AgenTEE Architecture and Pipeline
AgenTEE leverages Arm CCA to enforce strong, hardware-level isolation of agentic system components on edge devices. The architecture decomposes the workflow into three or more independently attested and isolated cVMs: (1) the agent runtime (including prompt construction and orchestration rules), (2) the LLM inference engine (with model parameters and runtime state), and (3) third-party application workers. All interactions between these cVMs are routed through mutually authenticated, OS-inaccessible confidential shared memory (CSM) segments.
Figure 3: AgenTEE arranges agent runtime, LLM worker, and third-party services in separate cVMs connected via confidential attested channels over CAEC-enabled CSM.
The pipeline proceeds as follows:
- Each stakeholder launches their cVM, leveraging CCA attestation to ensure measurement and runtime stacks authenticity.
- Secure TLS channels are established for provisioning proprietary artifacts only after attestation passes.
- Confidential communication across cVMs (using CSM) ensures that no cVM or the hosting normal world can observe the exchanged data or compromise the protocol.
- The normal world (OS) merely provides hardware resource scheduling and mediates UI/event forwarding, without access to cVM internals.

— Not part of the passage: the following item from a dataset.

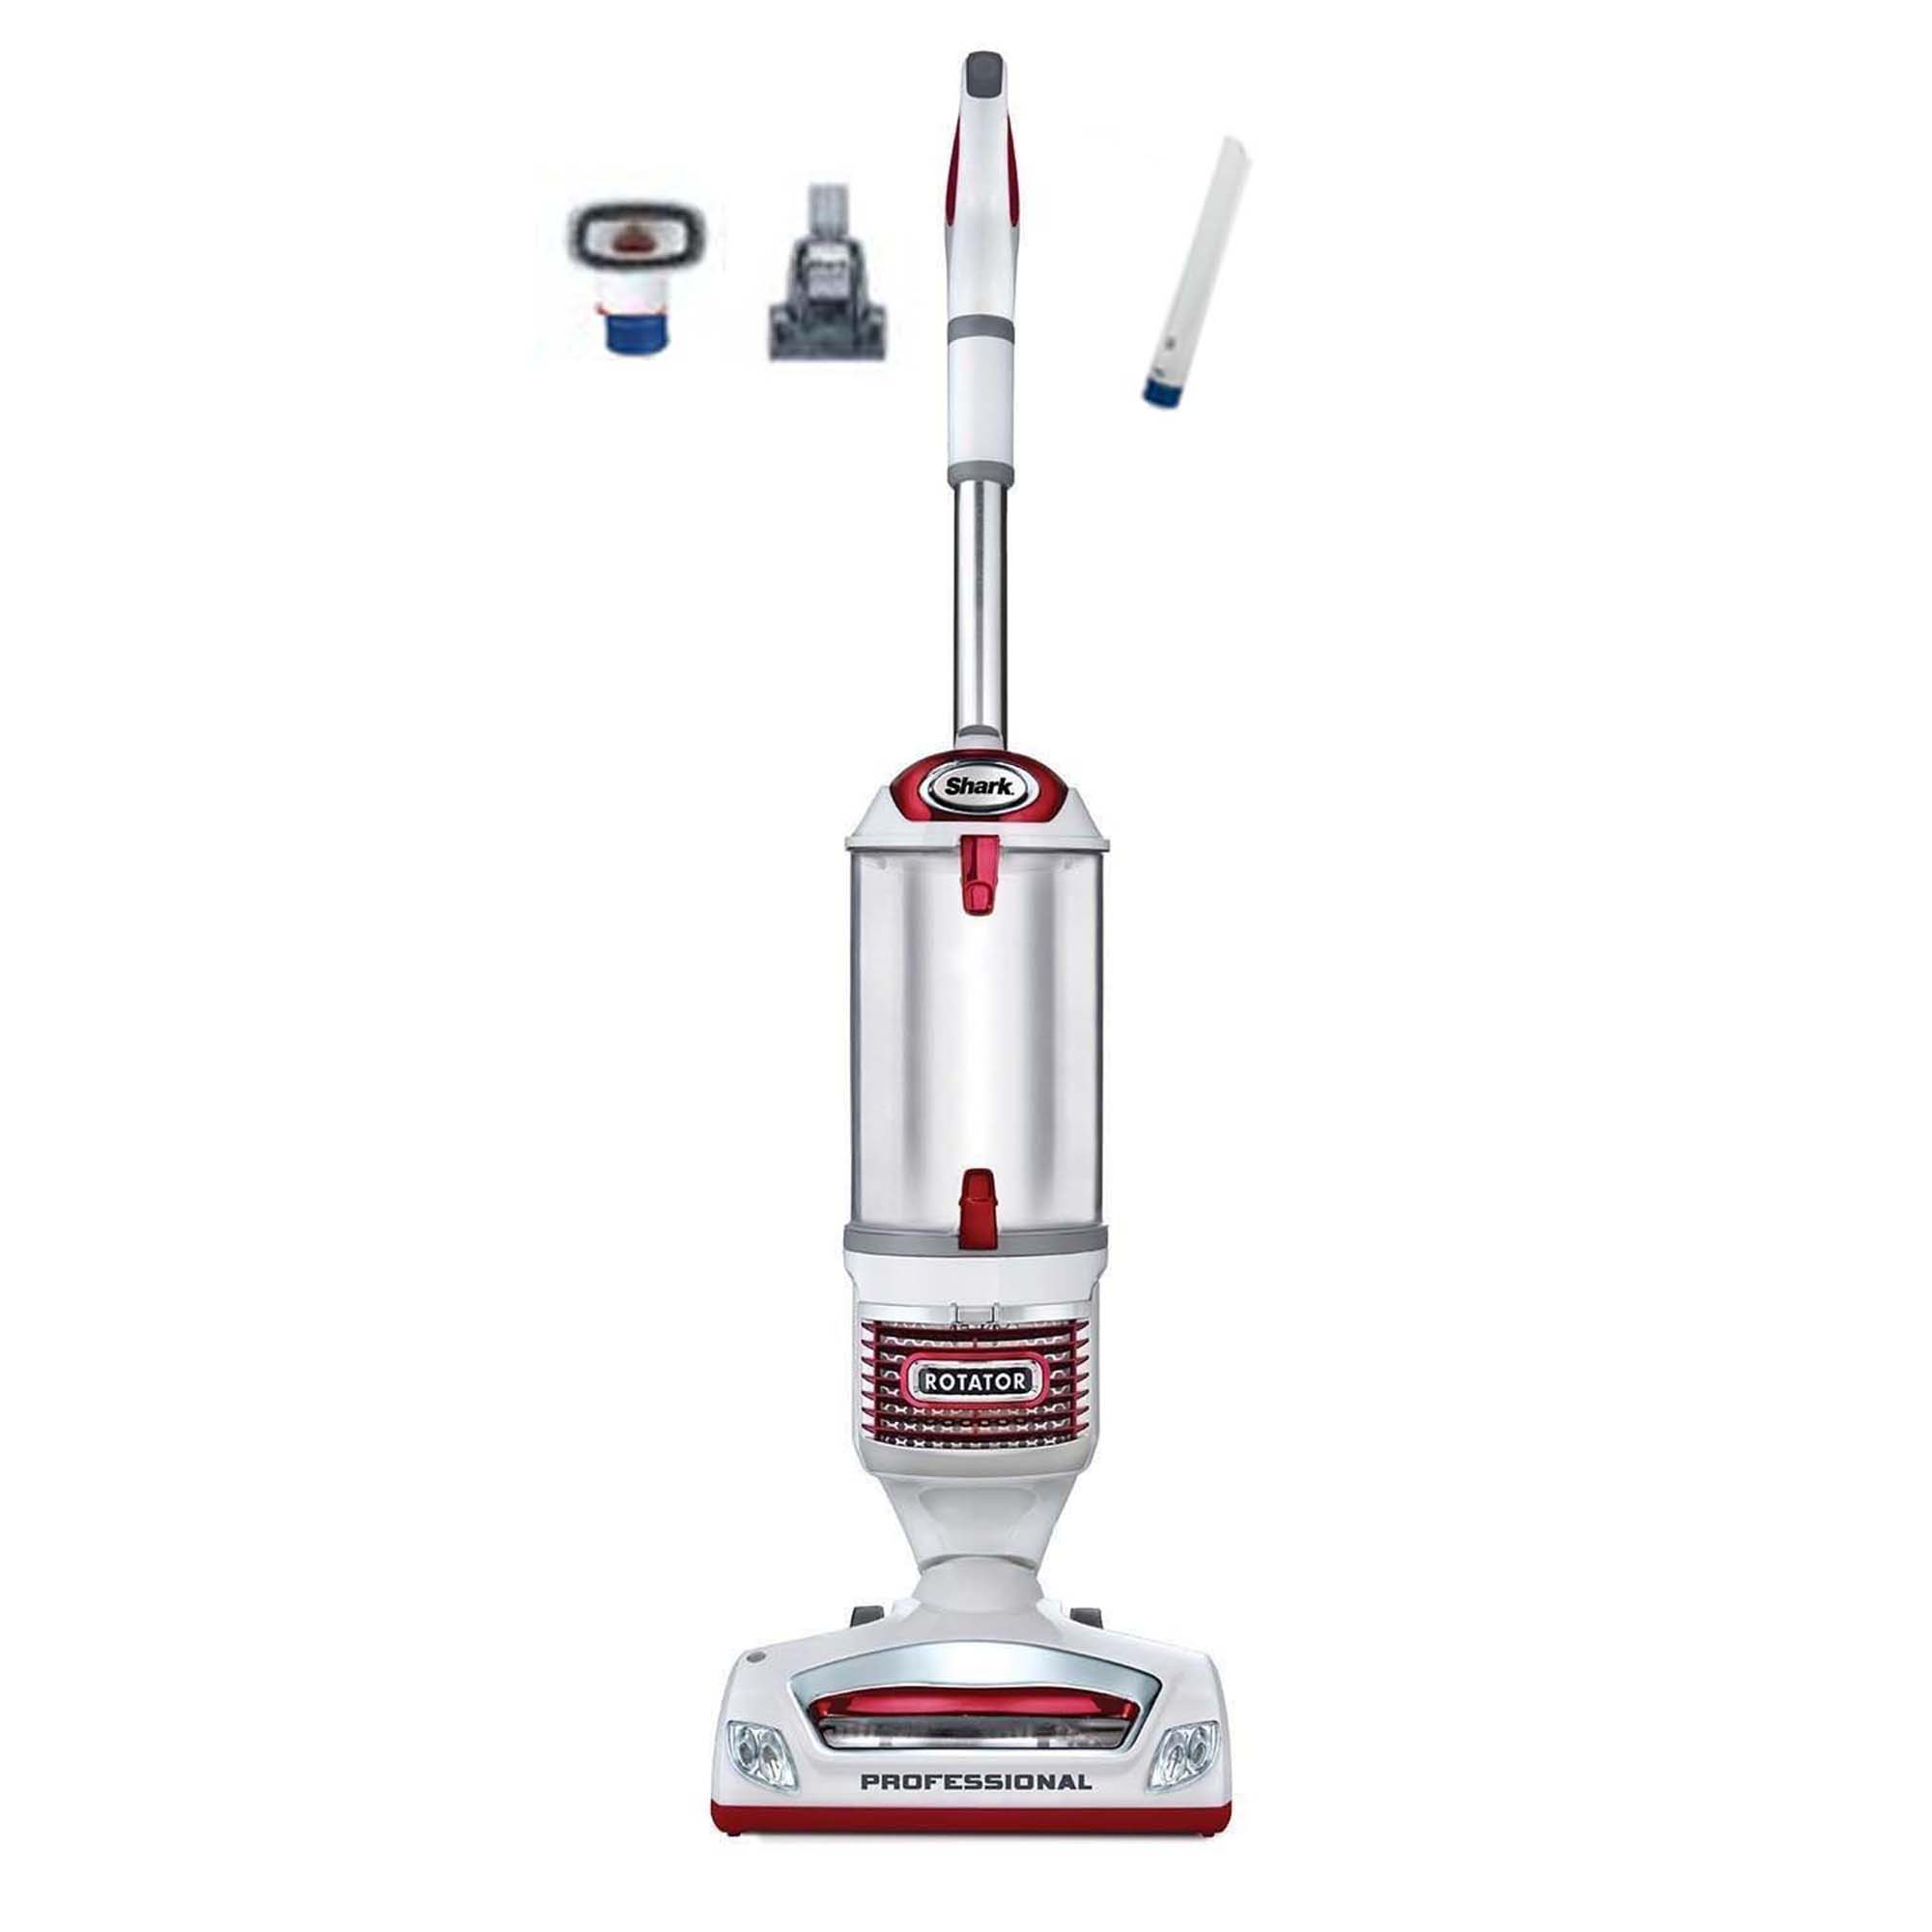 Shark Nv500 3 In 1 Rotator Professional Lift Away Vacuum

Security analysis establishes that such an architecture blocks exfiltration and tampering attacks at the hardware boundary: neither the OS, hypervisor, nor other untrusted cVM tenants can compromise session state, model, prompt, or orchestration logic as long as CCA's guarantees hold.
Implementation and Empirical Results
AgenTEE is implemented atop OpenCCA, a prototype platform emulating Arm CCA on Radxa Rock 5B hardware. The stack builds on Trusted Firmware-A and patches kvmtool-cca and linux-cca for full CSM functionality. To demonstrate real-world applicability, the authors instantiate two classes of agent workloads—conversational (chatbot) and itinerary planners—using modern LLMs (e.g., GPT2-Medium, Llama-3.2-1B) and the LangChain framework.

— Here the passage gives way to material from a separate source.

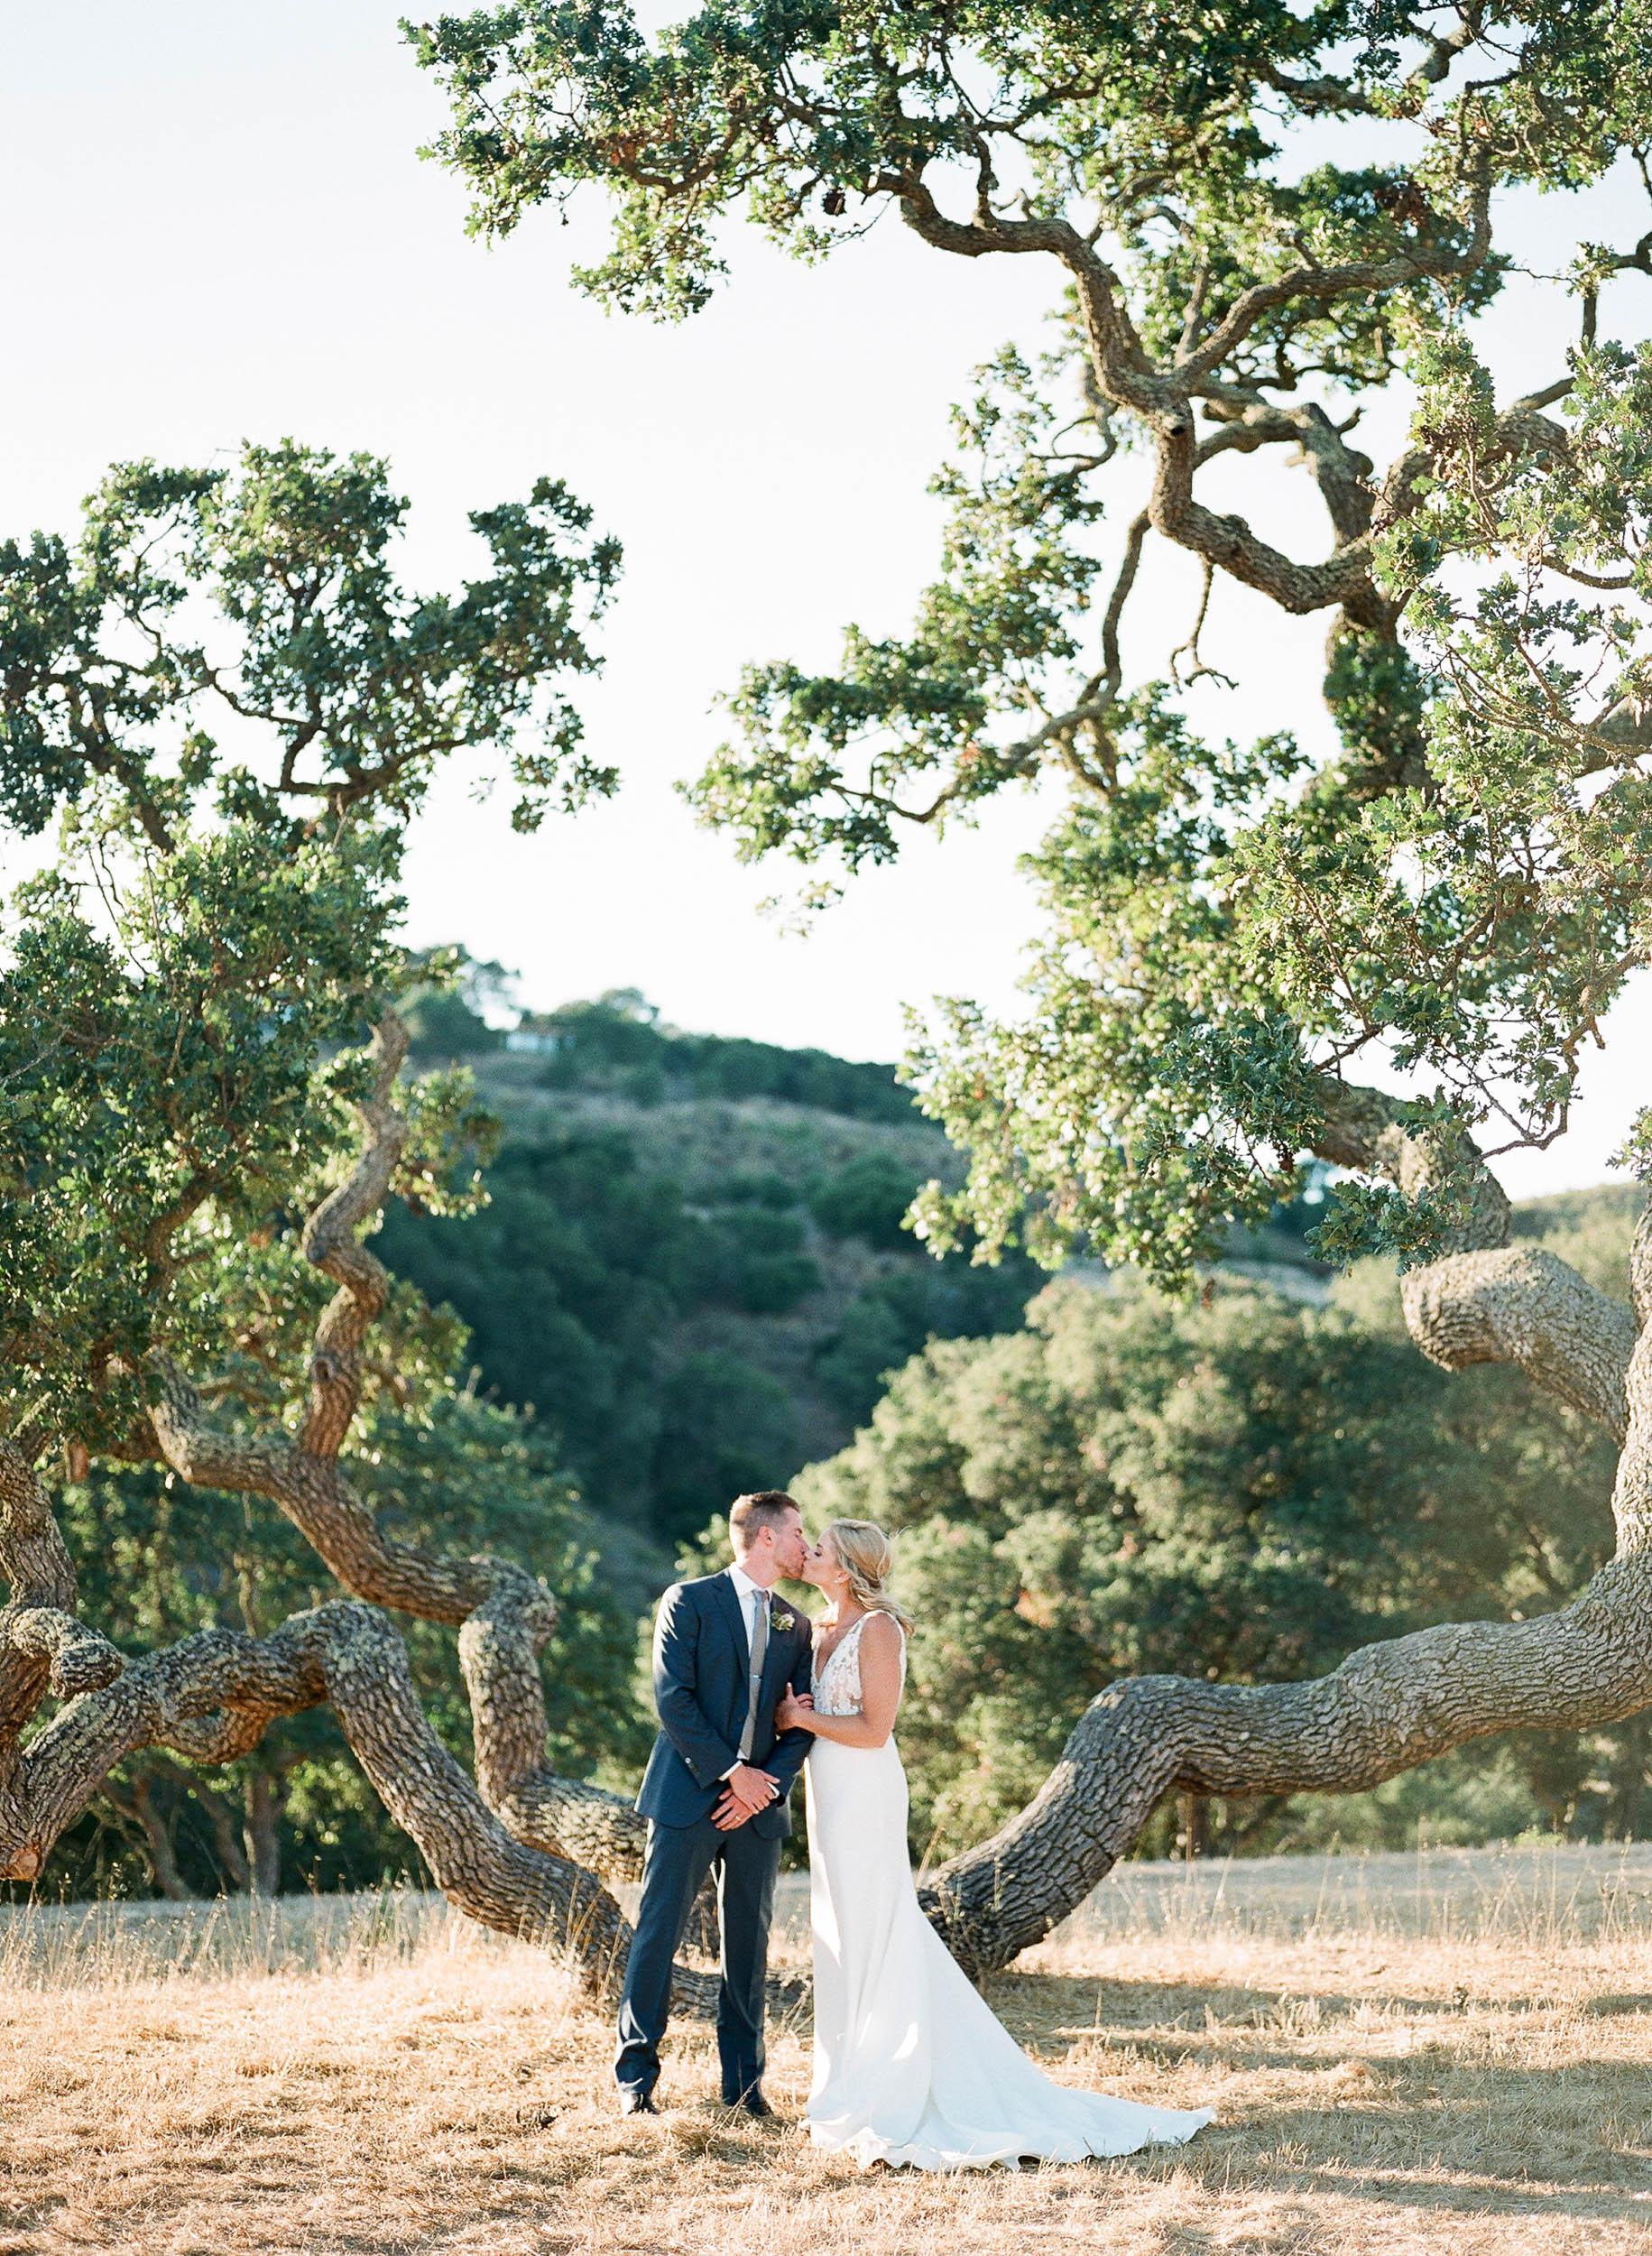 111_072118_D+K_Holman Ranch Wedding_Buena Lane Photography_00005425_41.jpg

Strong empirical results are provided for latency overhead—a dominant constraint for practical edge execution. Despite hardware isolation, measured end-to-end overhead compared to classic multi-process (native OS) deployment is <5.15%, and versus non-confidential VMs, <2.53%. These figures support the assertion that confidential multi-component agentic pipelines with mutual distrust are feasible without significant sacrifice in inference or user-perceived responsiveness.
Implications and Future Directions
AgenTEE addresses a critical gap in confidential, multi-stakeholder LLM agent deployment at the edge: (1) it enables proprietary model, prompt, and code protection, (2) confines credentials and sensitive runtime state to owner-attested trusted domains, and (3) allows secure, verifiable orchestration across dynamically composed agentic pipelines. The inclusion of CSM with per-realm attestation further enforces data-flow isolation and secure multi-party composition, which prior OS/hypervisor-based approaches could not guarantee.

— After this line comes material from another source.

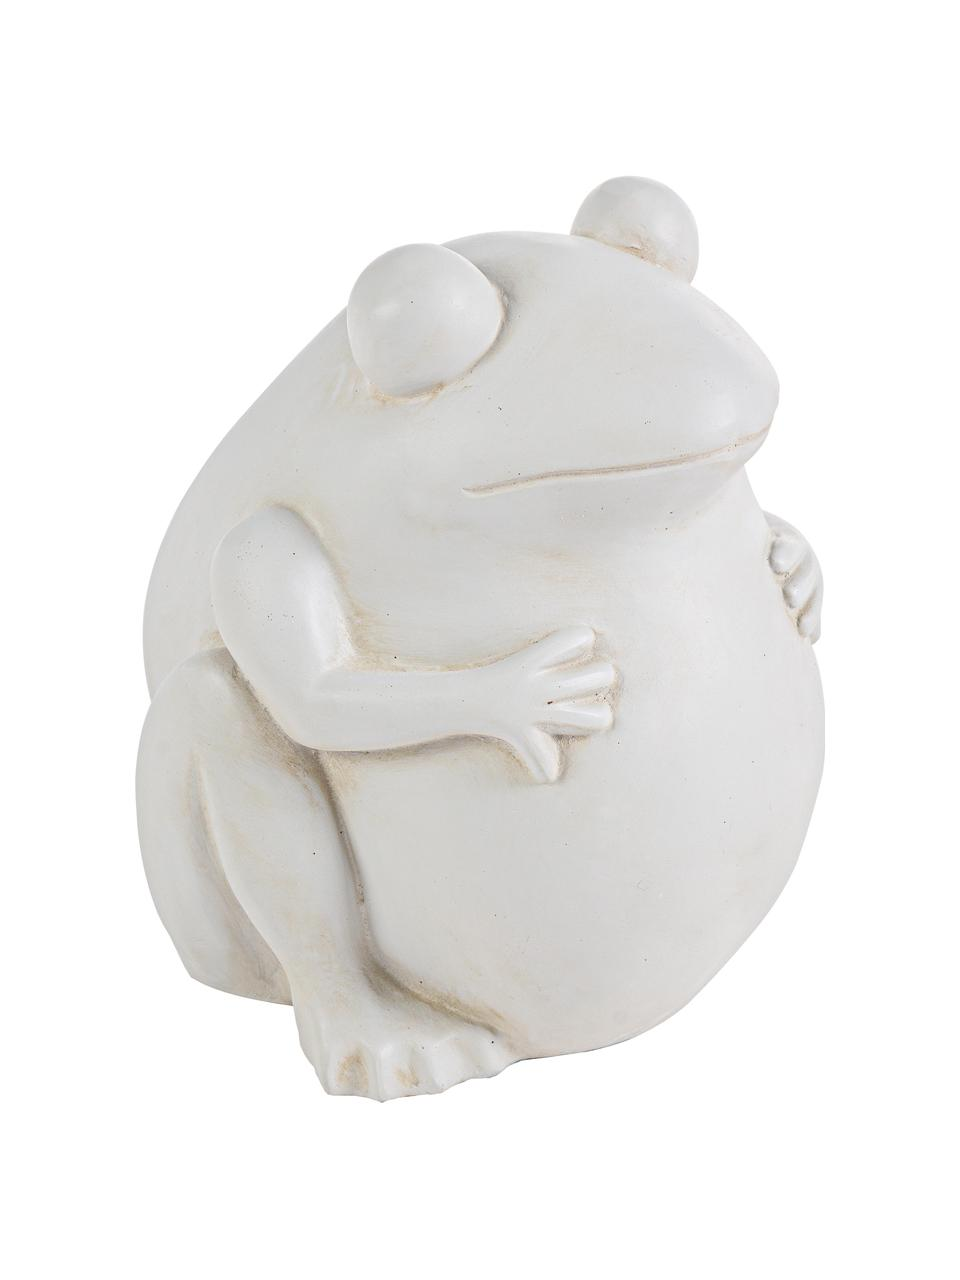 Portavaso Frog, Materiale sintetico, Bianco latteo, Larg. 28 x Alt. 30 cm

The approach is extensible to integration with confidential accelerators (e.g., secure GPUs via ongoing CCA extensions) and anticipates richer edge device heterogeneity in the mobile ecosystem. As the attack surface shifts with the increased agentic autonomy, hardware-enforced information flow controls—potentially combined with higher-level information flow control (IFC) and monitoring at the secure channel—will be critical for future AI-on-device deployments.
This work demonstrates the practical viability of such architecture with negligible performance penalties.
Conclusion
AgenTEE provides a robust, scalable operational model for confidential LLM agent deployment on edge devices using Arm CCA. By partitioning sensitive assets and workflows into independently attested and isolated cVMs, interacting via OS-inaccessible confidential channels, it achieves strong confidentiality and integrity guarantees for multi-stakeholder and multi-component agentic systems. The empirical analysis substantiates the practicality of this hardware-rooted approach, positioning it as a foundational method for confidential edge AI deployments.